* TASK REQUIREMENTS: Copy down the listing below exactly. Do not include pictures.

##### SOURCE DATA #####

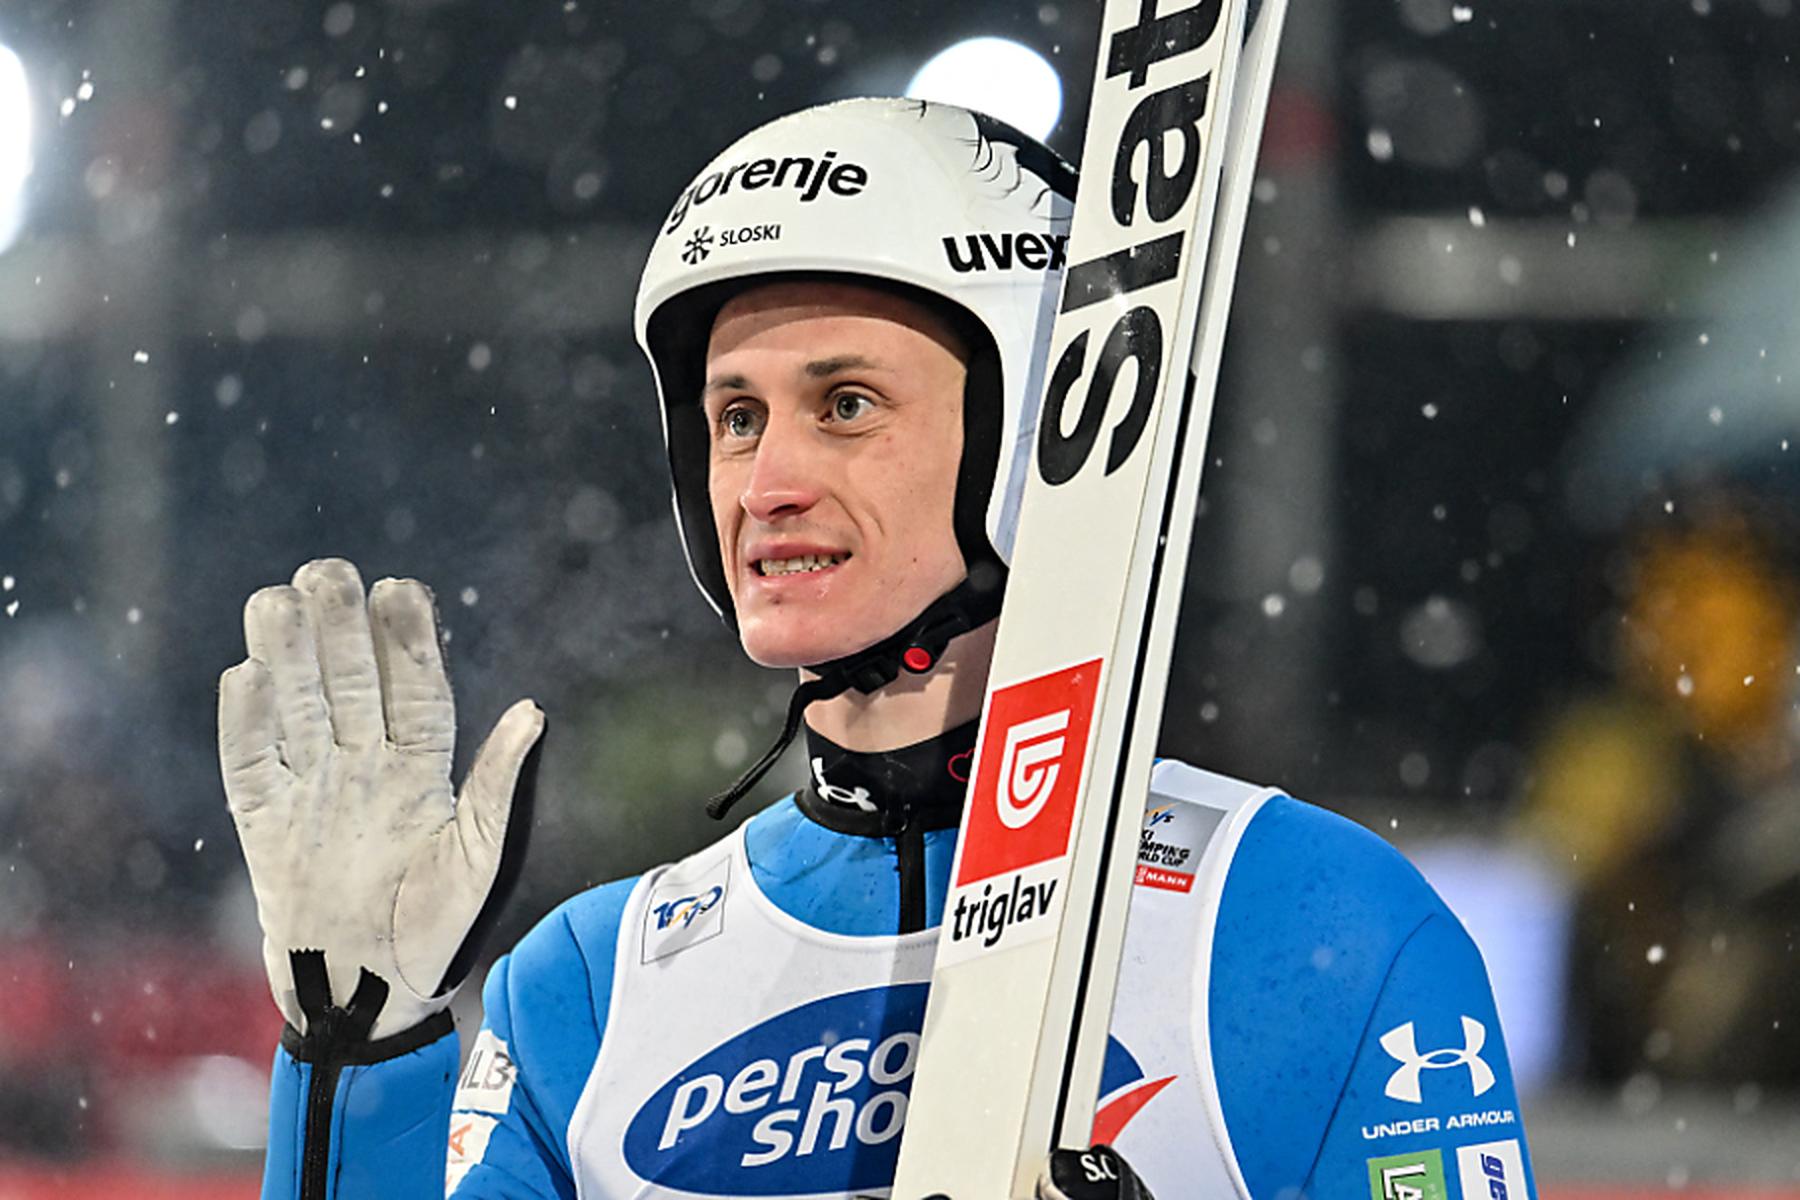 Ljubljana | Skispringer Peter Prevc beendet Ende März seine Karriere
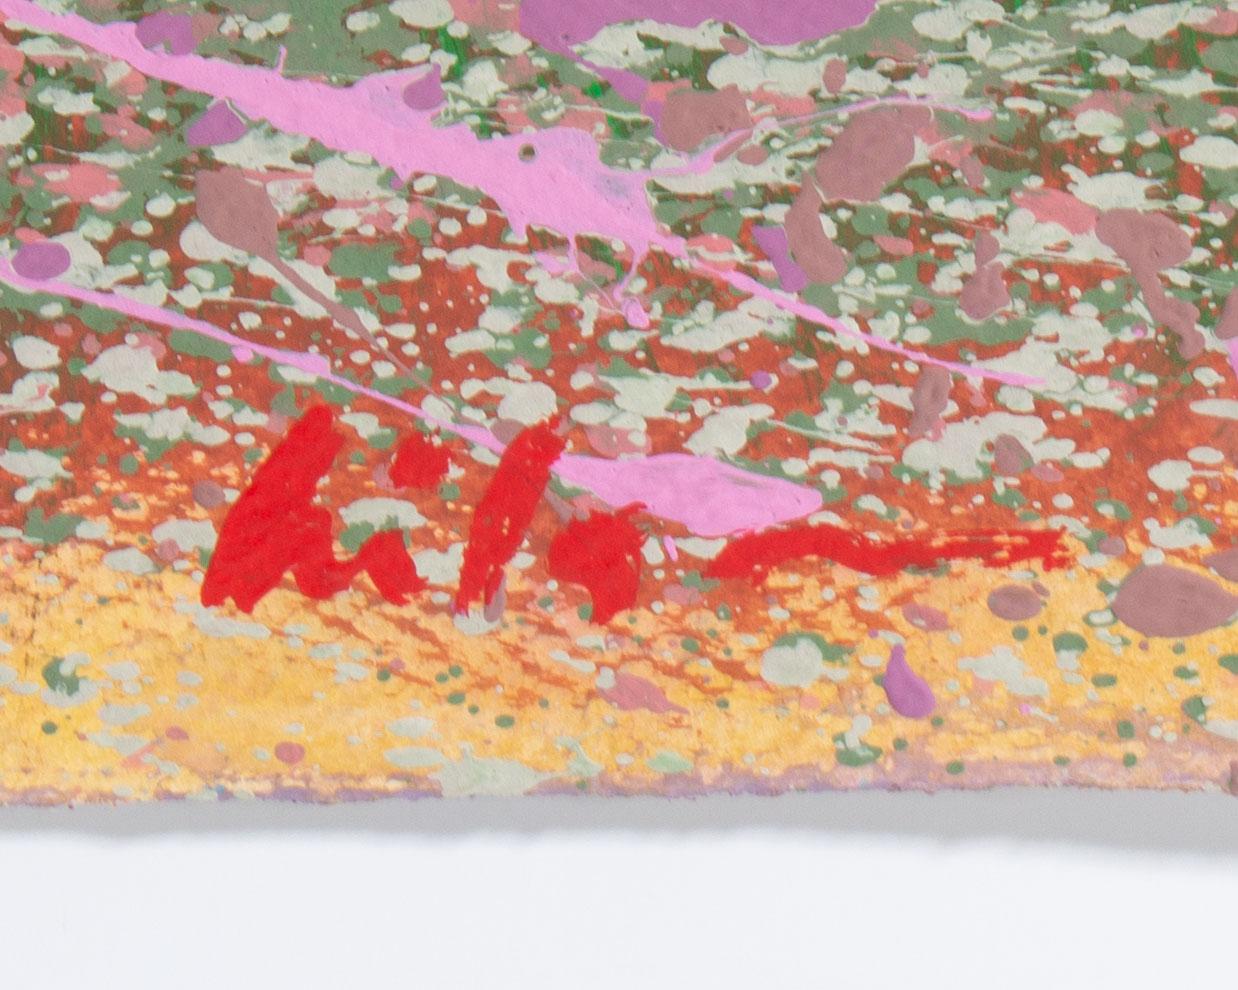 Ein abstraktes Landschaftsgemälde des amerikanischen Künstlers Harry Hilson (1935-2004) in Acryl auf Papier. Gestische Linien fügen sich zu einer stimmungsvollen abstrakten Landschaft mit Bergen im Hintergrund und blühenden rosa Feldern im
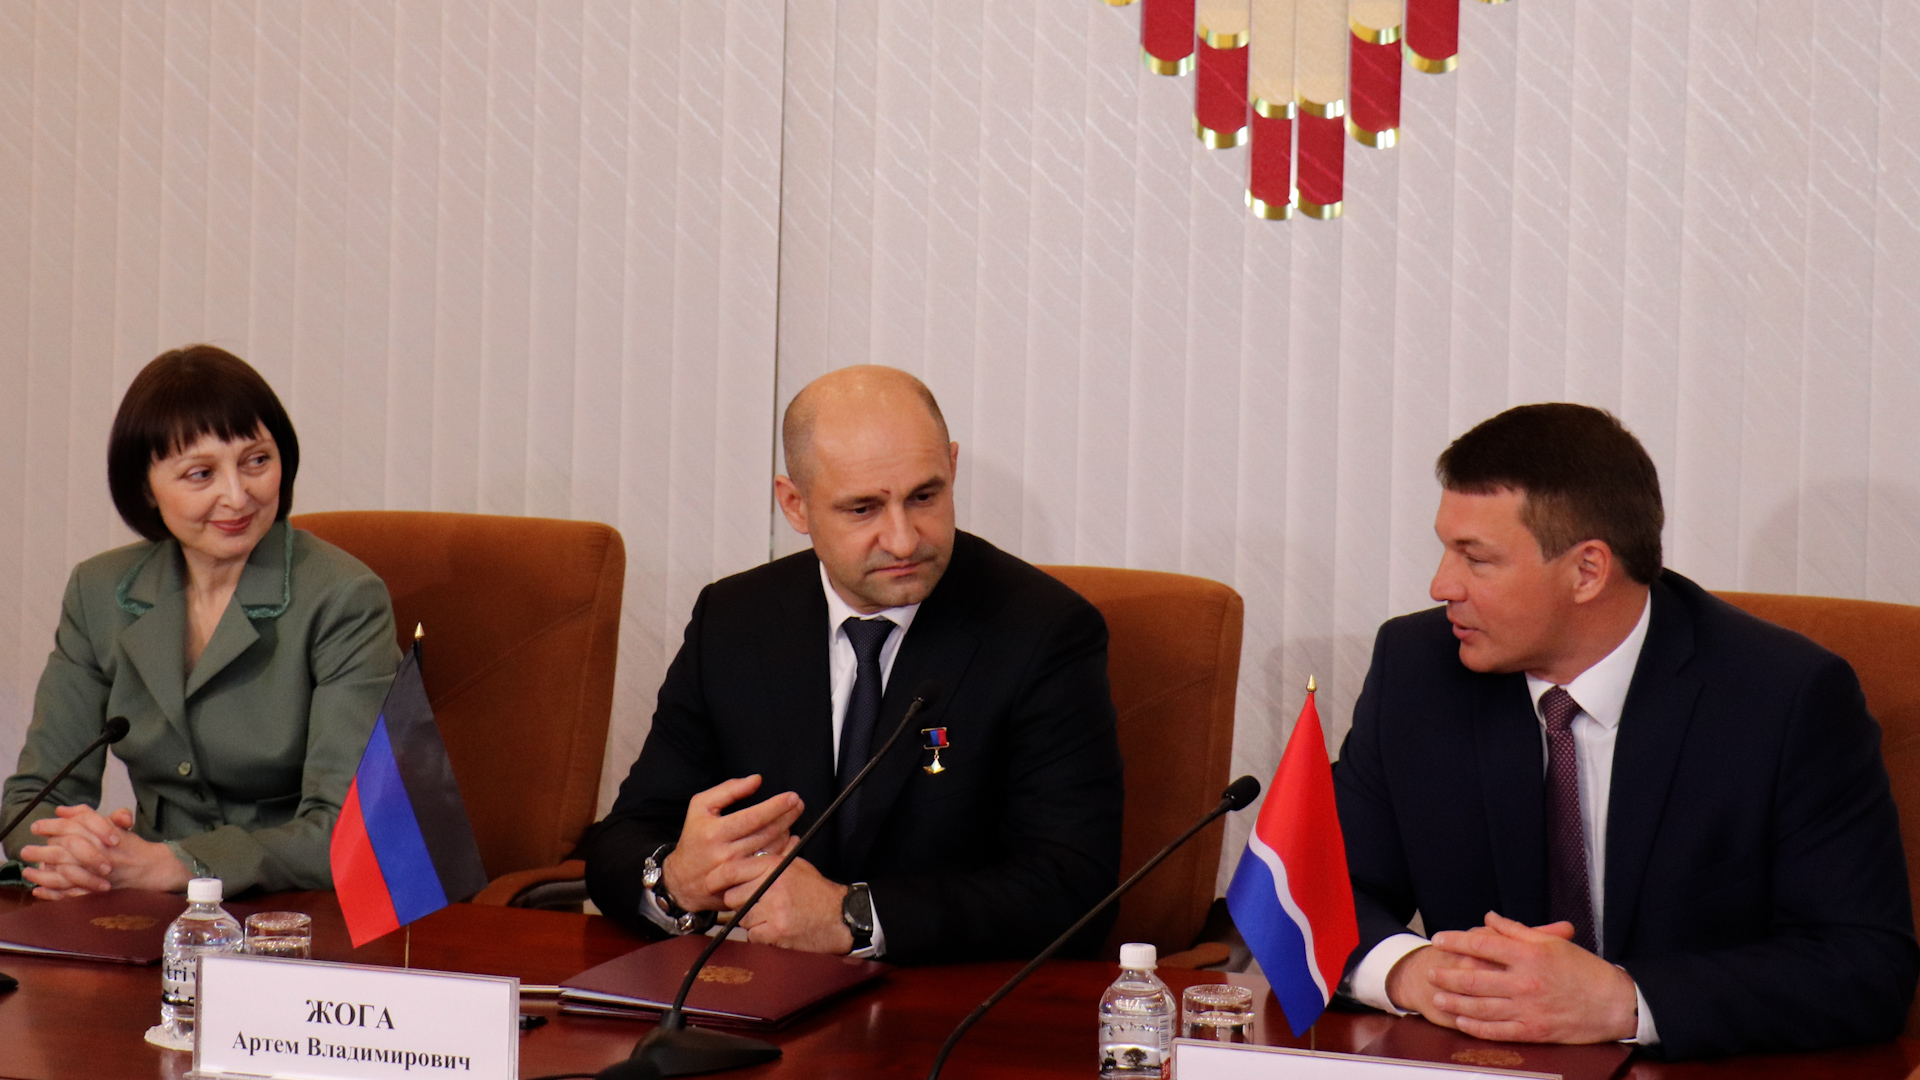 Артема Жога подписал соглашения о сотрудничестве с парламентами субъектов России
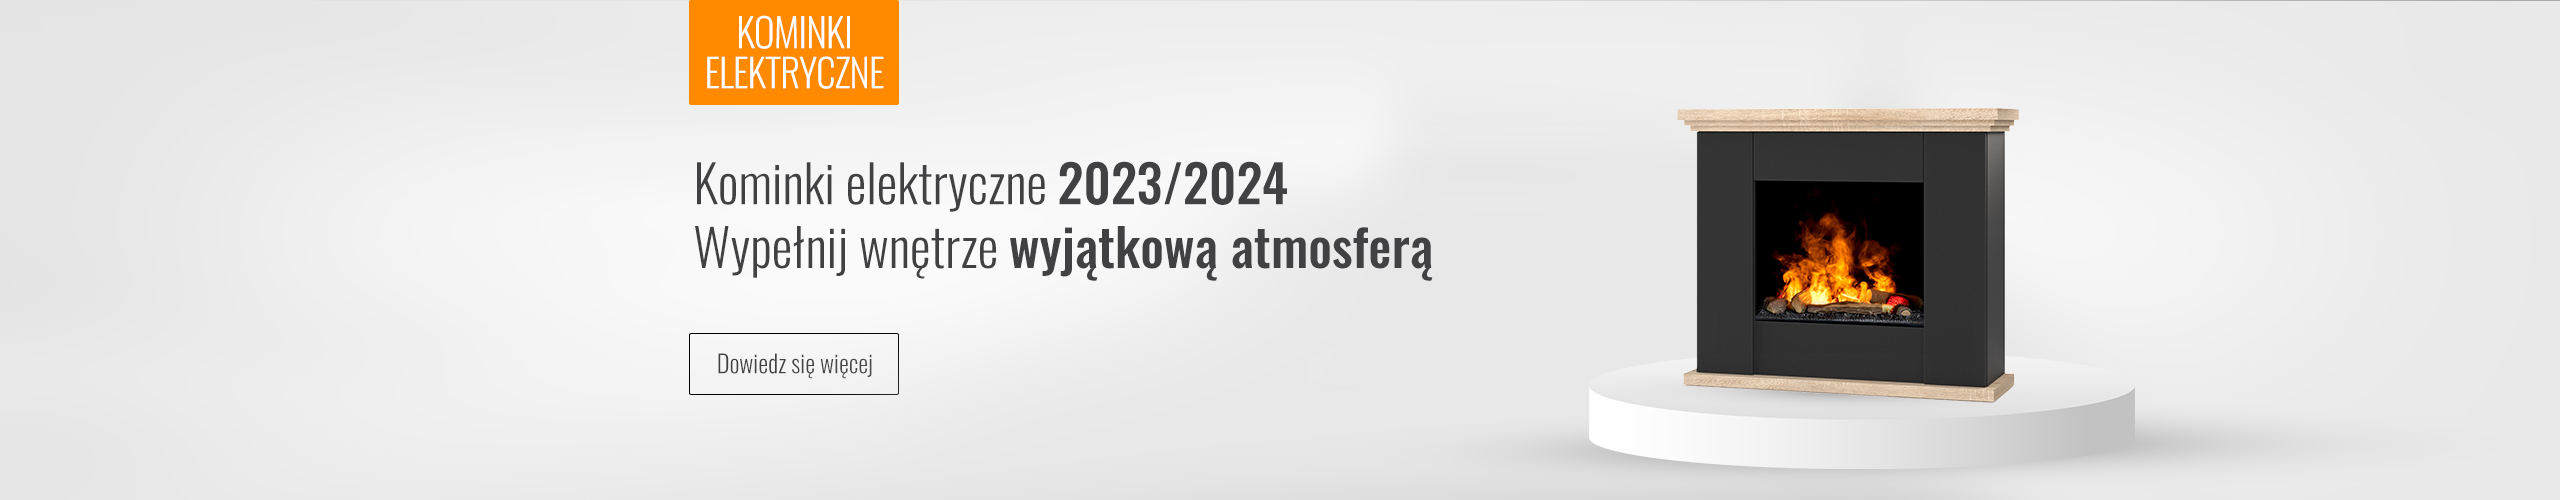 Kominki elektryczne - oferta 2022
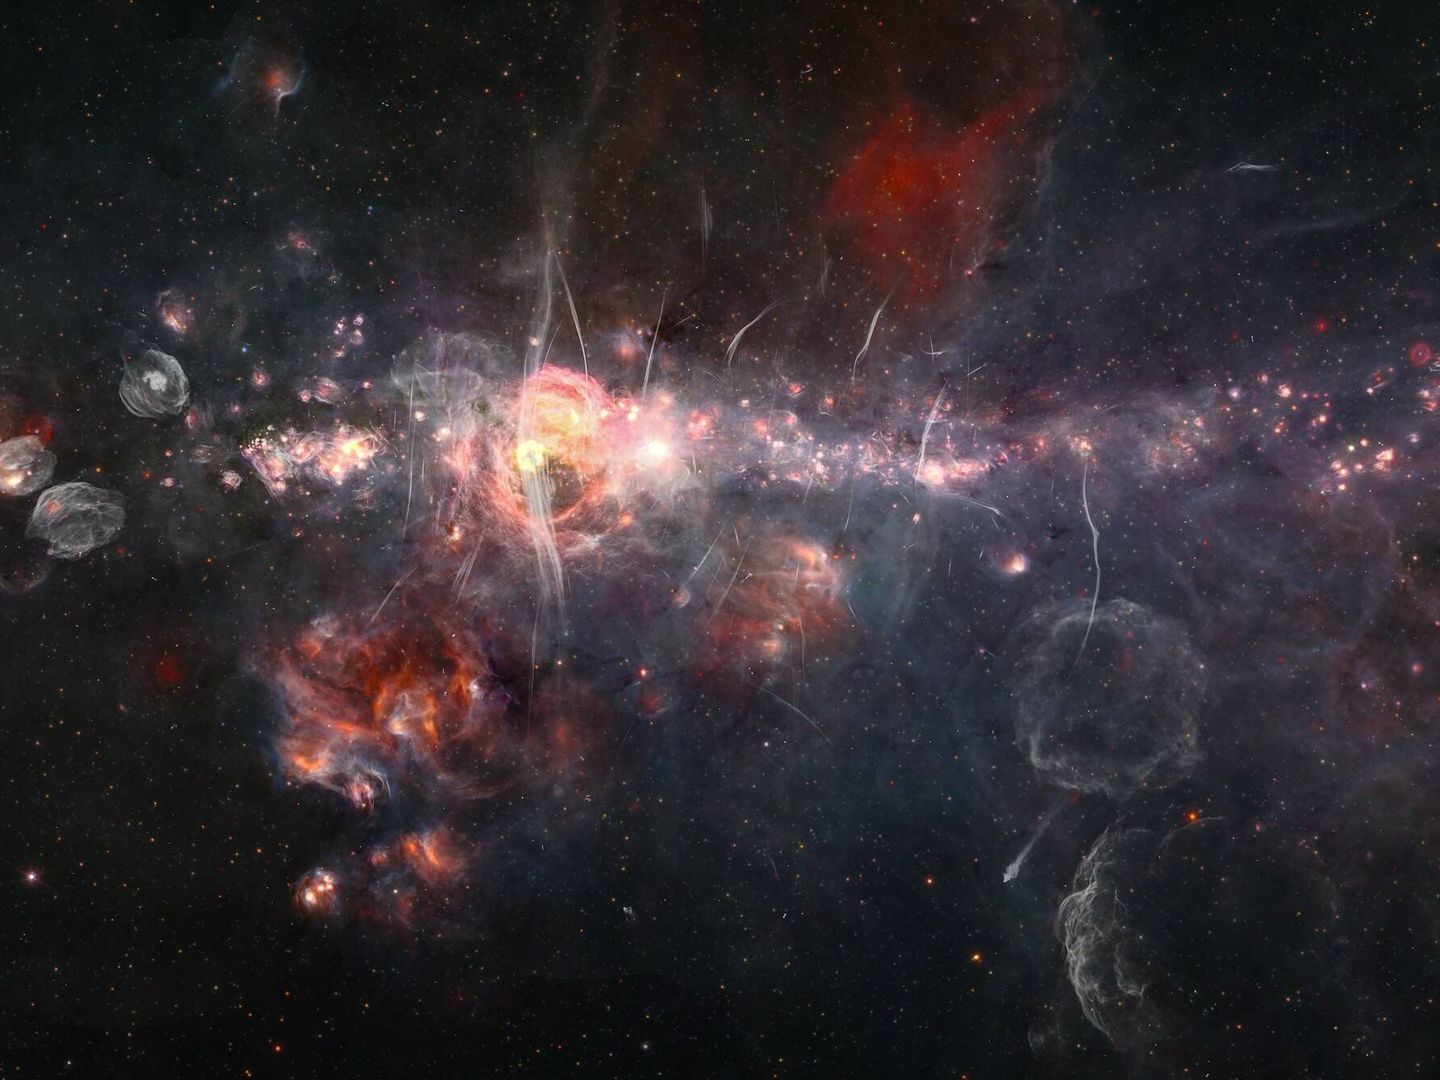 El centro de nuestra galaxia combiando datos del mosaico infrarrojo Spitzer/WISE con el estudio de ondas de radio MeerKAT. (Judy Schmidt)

#####

* OUTPUT BELOW:
 Ljubljana | Skispringer Peter Prevc beendet Ende März seine Karriere
 Ein abstraktes Landschaftsgemälde des amerikanischen Künstlers Harry Hilson (1935-2004) in Acryl auf Papier. Gestische Linien fügen sich zu einer stimmungsvollen abstrakten Landschaft mit Bergen im Hintergrund und blühenden rosa Feldern im
 Артема Жога подписал соглашения о сотрудничестве с парламентами субъектов России
 Kominki elektryczne - oferta 2022
 El centro de nuestra galaxia combiando datos del mosaico infrarrojo Spitzer/WISE con el estudio de ondas de radio MeerKAT. (Judy Schmidt)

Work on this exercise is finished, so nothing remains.